> _DATA TO PROCESS_

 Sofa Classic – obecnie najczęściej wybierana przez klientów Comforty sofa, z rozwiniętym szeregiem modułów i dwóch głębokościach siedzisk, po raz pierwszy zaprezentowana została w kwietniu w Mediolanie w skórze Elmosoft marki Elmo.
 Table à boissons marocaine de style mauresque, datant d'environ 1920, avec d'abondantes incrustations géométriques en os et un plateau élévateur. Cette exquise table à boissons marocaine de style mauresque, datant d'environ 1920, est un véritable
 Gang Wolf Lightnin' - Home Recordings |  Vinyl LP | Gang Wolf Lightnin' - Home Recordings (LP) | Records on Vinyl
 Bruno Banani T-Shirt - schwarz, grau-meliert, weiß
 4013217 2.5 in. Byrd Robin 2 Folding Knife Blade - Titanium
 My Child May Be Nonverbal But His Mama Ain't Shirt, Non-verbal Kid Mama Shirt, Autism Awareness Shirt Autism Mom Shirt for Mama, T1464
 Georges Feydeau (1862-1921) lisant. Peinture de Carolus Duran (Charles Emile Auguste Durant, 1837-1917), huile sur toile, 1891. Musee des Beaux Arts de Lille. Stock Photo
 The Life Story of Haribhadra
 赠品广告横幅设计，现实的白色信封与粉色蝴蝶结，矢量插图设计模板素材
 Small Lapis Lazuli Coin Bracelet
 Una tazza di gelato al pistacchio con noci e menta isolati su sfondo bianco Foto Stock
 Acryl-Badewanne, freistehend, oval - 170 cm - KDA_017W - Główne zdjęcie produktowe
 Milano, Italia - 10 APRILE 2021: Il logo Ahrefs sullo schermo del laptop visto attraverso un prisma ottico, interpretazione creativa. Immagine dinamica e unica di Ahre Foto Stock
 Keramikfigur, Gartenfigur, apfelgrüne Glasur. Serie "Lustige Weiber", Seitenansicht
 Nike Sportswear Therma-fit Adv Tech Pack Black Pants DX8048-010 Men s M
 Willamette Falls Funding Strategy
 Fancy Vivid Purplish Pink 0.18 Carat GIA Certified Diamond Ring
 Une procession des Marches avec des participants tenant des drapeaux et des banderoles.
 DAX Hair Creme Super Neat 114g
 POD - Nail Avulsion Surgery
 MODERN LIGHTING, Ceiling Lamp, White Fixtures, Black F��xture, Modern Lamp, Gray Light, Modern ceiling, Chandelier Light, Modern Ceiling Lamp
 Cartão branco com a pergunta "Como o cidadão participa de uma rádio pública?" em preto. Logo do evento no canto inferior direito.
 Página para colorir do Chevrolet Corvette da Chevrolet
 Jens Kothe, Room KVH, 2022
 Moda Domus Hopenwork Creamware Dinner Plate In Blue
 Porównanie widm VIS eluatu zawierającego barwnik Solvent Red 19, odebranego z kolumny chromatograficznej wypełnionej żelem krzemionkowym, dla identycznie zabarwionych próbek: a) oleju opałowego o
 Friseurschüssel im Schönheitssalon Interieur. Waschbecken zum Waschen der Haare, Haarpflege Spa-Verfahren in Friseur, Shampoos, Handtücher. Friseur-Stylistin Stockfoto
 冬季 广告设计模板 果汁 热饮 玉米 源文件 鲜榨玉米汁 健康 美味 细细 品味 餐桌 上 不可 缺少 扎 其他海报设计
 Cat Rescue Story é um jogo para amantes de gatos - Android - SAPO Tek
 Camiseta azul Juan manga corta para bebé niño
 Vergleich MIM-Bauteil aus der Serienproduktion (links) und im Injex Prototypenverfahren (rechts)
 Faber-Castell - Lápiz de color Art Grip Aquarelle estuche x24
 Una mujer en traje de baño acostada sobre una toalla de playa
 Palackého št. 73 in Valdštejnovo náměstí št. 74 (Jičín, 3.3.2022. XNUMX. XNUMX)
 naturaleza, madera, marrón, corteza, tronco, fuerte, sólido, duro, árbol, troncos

> _TO DO_
An exact copy of all the entries is the required answer.

> _REPLY_
 Sofa Classic – obecnie najczęściej wybierana przez klientów Comforty sofa, z rozwiniętym szeregiem modułów i dwóch głębokościach siedzisk, po raz pierwszy zaprezentowana została w kwietniu w Mediolanie w skórze Elmosoft marki Elmo.
 Table à boissons marocaine de style mauresque, datant d'environ 1920, avec d'abondantes incrustations géométriques en os et un plateau élévateur. Cette exquise table à boissons marocaine de style mauresque, datant d'environ 1920, est un véritable
 Gang Wolf Lightnin' - Home Recordings |  Vinyl LP | Gang Wolf Lightnin' - Home Recordings (LP) | Records on Vinyl
 Bruno Banani T-Shirt - schwarz, grau-meliert, weiß
 4013217 2.5 in. Byrd Robin 2 Folding Knife Blade - Titanium
 My Child May Be Nonverbal But His Mama Ain't Shirt, Non-verbal Kid Mama Shirt, Autism Awareness Shirt Autism Mom Shirt for Mama, T1464
 Georges Feydeau (1862-1921) lisant. Peinture de Carolus Duran (Charles Emile Auguste Durant, 1837-1917), huile sur toile, 1891. Musee des Beaux Arts de Lille. Stock Photo
 The Life Story of Haribhadra
 赠品广告横幅设计，现实的白色信封与粉色蝴蝶结，矢量插图设计模板素材
 Small Lapis Lazuli Coin Bracelet
 Una tazza di gelato al pistacchio con noci e menta isolati su sfondo bianco Foto Stock
 Acryl-Badewanne, freistehend, oval - 170 cm - KDA_017W - Główne zdjęcie produktowe
 Milano, Italia - 10 APRILE 2021: Il logo Ahrefs sullo schermo del laptop visto attraverso un prisma ottico, interpretazione creativa. Immagine dinamica e unica di Ahre Foto Stock
 Keramikfigur, Gartenfigur, apfelgrüne Glasur. Serie "Lustige Weiber", Seitenansicht
 Nike Sportswear Therma-fit Adv Tech Pack Black Pants DX8048-010 Men s M
 Willamette Falls Funding Strategy
 Fancy Vivid Purplish Pink 0.18 Carat GIA Certified Diamond Ring
 Une procession des Marches avec des participants tenant des drapeaux et des banderoles.
 DAX Hair Creme Super Neat 114g
 POD - Nail Avulsion Surgery
 MODERN LIGHTING, Ceiling Lamp, White Fixtures, Black F��xture, Modern Lamp, Gray Light, Modern ceiling, Chandelier Light, Modern Ceiling Lamp
 Cartão branco com a pergunta "Como o cidadão participa de uma rádio pública?" em preto. Logo do evento no canto inferior direito.
 Página para colorir do Chevrolet Corvette da Chevrolet
 Jens Kothe, Room KVH, 2022
 Moda Domus Hopenwork Creamware Dinner Plate In Blue
 Porównanie widm VIS eluatu zawierającego barwnik Solvent Red 19, odebranego z kolumny chromatograficznej wypełnionej żelem krzemionkowym, dla identycznie zabarwionych próbek: a) oleju opałowego o
 Friseurschüssel im Schönheitssalon Interieur. Waschbecken zum Waschen der Haare, Haarpflege Spa-Verfahren in Friseur, Shampoos, Handtücher. Friseur-Stylistin Stockfoto
 冬季 广告设计模板 果汁 热饮 玉米 源文件 鲜榨玉米汁 健康 美味 细细 品味 餐桌 上 不可 缺少 扎 其他海报设计
 Cat Rescue Story é um jogo para amantes de gatos - Android - SAPO Tek
 Camiseta azul Juan manga corta para bebé niño
 Vergleich MIM-Bauteil aus der Serienproduktion (links) und im Injex Prototypenverfahren (rechts)
 Faber-Castell - Lápiz de color Art Grip Aquarelle estuche x24
 Una mujer en traje de baño acostada sobre una toalla de playa
 Palackého št. 73 in Valdštejnovo náměstí št. 74 (Jičín, 3.3.2022. XNUMX. XNUMX)
 naturaleza, madera, marrón, corteza, tronco, fuerte, sólido, duro, árbol, troncos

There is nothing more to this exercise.